In the semiconductor memory device described above, the channel generation region is formed by forming the channel generation gate from above the semiconductor substrate surface and below one gate electrode to below the other gate electrode. In this case, the voltage is independently controlled and applied to the two sets of the gate electrodes, and the voltage is applied to these regions so that the source region and the drain region are formed in reverse, so that the memory cell is formed. It can be controlled independently, such as two sets of memory cells. Further, when the semiconductor memory device is used as an EEPROM, the voltage applied to the channel generation gate can be controlled, so that the semiconductor memory device can also be used as an electrode for erasing a memory.

Further, in the semiconductor memory element described above, when a channel generation region doped with an impurity is formed in the semiconductor substrate surface layer from below one gate electrode to below the other gate electrode, 2 By independently controlling and applying a voltage to each of the pair of gate electrodes and applying a voltage to these regions so that the source region and the drain region are formed in reverse,
The memory cells can be controlled independently like two sets of memory cells. Therefore, the entire cell area can be reduced, the amount of information stored can be increased, and the degree of integration can be improved.

[Brief description of drawings]

1A to 1D are schematic cross-sectional views showing a manufacturing process of an embodiment of a semiconductor memory element according to the present invention.

FIG. 2 is a schematic cross-sectional view showing another embodiment of the semiconductor memory element according to the present invention.
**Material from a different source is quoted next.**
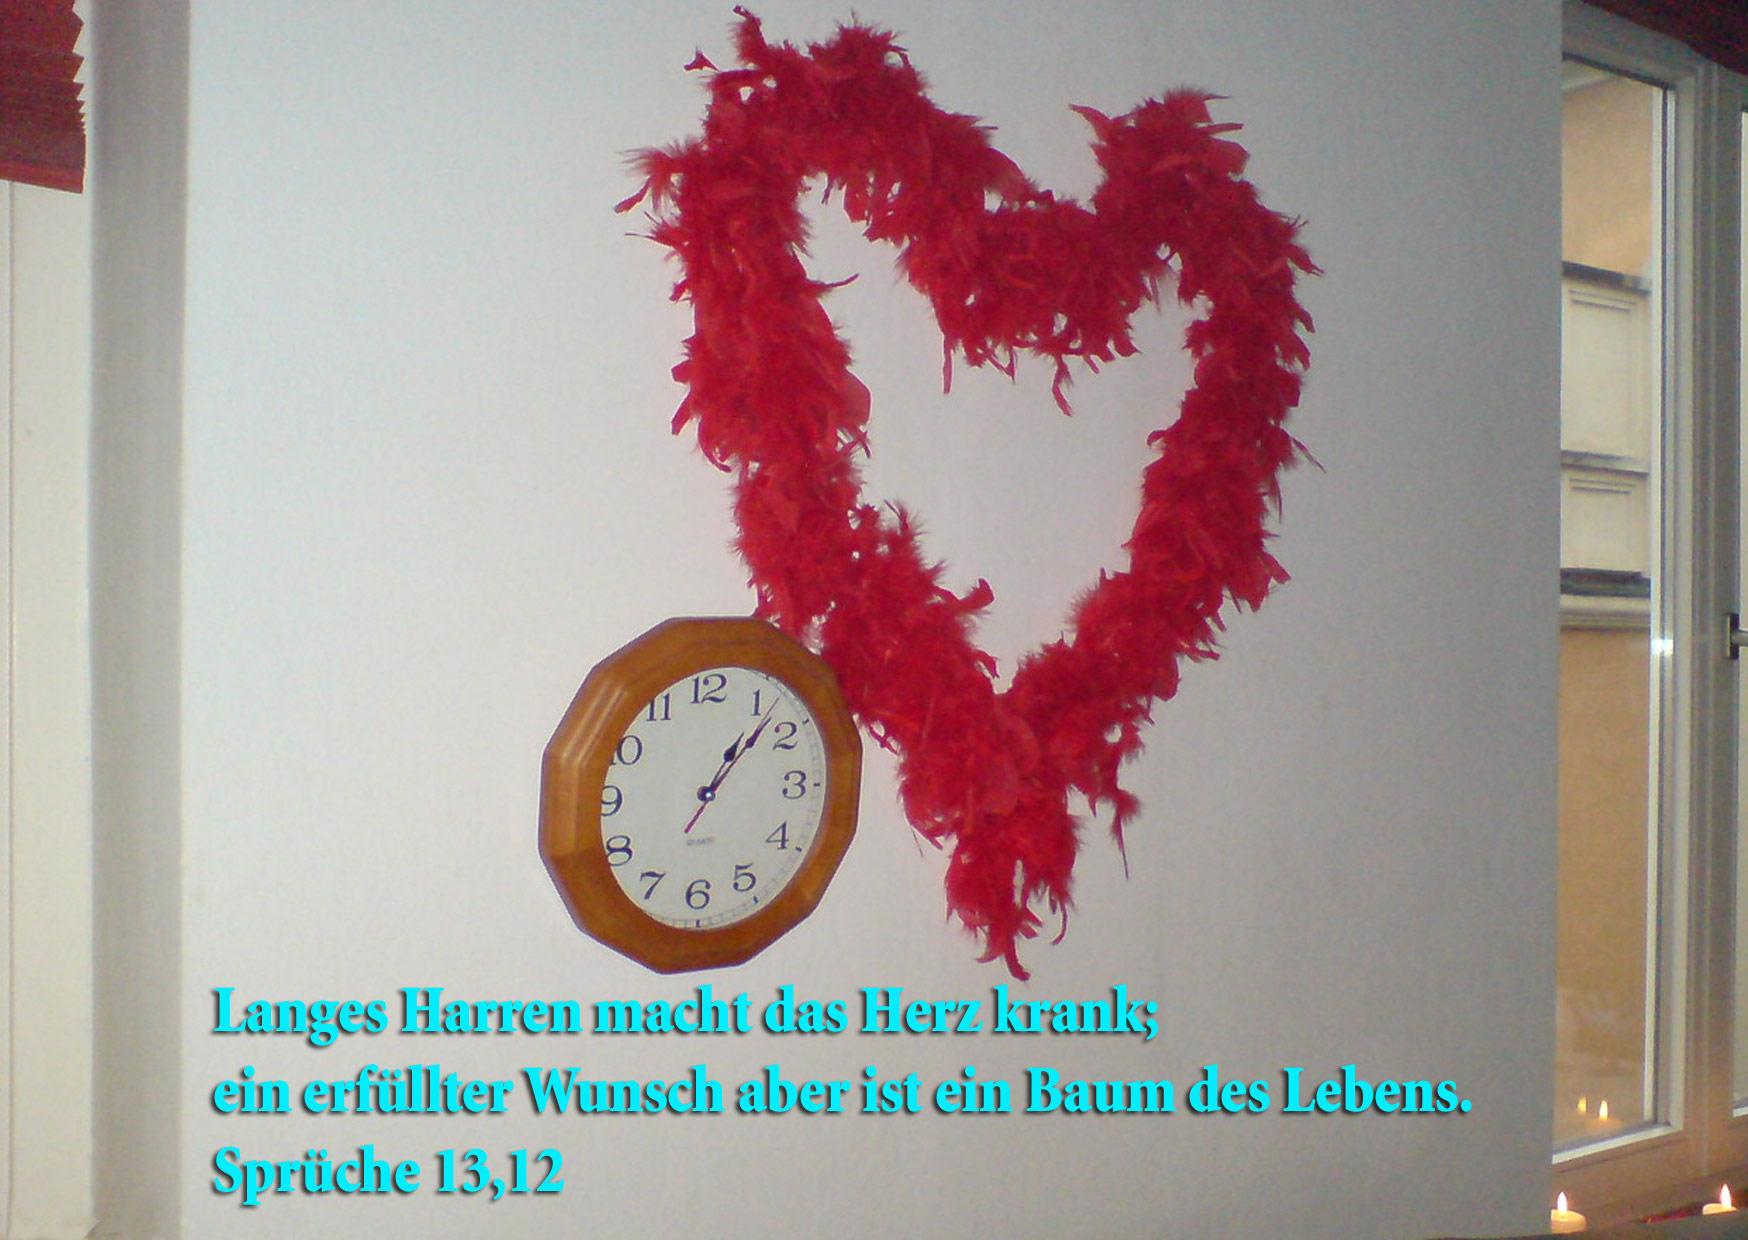 Herz, Sprüche13,12 Foto: Christine Danzer go 4 Jesus,
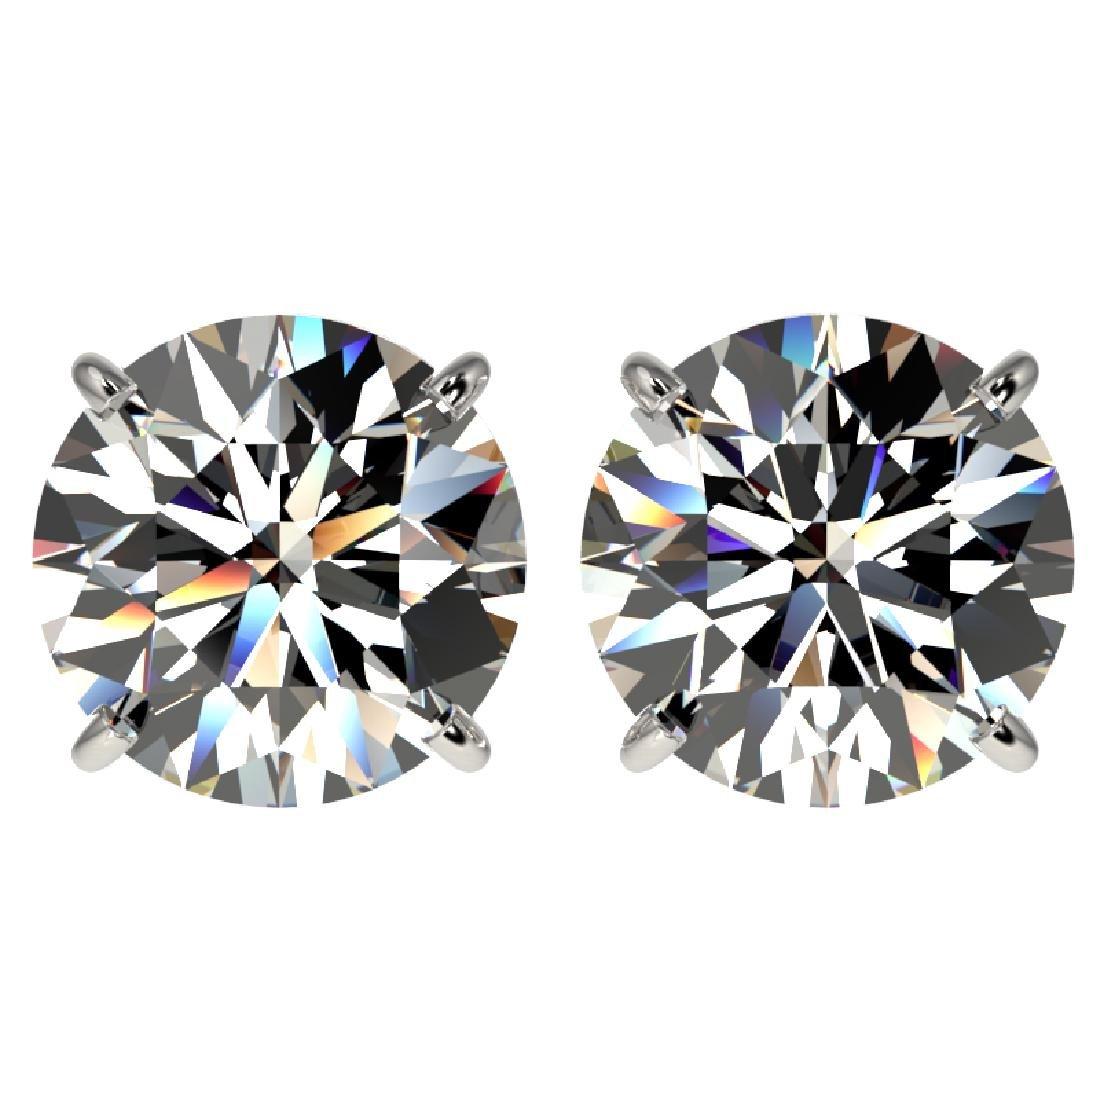 4.04 CTW Certified G-Si Quality Diamond Stud Earrings

FIG. 3 is a schematic cross-sectional view showing a conventional semiconductor memory element.

[Explanation of symbols]

 10, 25 semiconductor memory device 11 semiconductor substrate 14 channel generation gates 16a, 16b floating gates 18a, 18b control gate 21 channel generation region

Claims (3)

[Claims] 1. In a semiconductor memory device in which a memory cell is formed by a transistor, a gate electrode of the transistor is divided into two sets, and a channel is formed between two sets of the gate electrodes which are a semiconductor substrate surface layer. A semiconductor memory device having a region formed therein. 2. The semiconductor memory device according to claim 1, wherein the channel generation region is formed by forming a channel generation gate from above one surface of the semiconductor substrate and below one of the gate electrodes to below the other gate electrode. .. 3. The semiconductor memory device according to claim 1, wherein a channel generation region doped with impurities is formed in the surface layer of the semiconductor substrate from below one gate electrode to below the other gate electrode.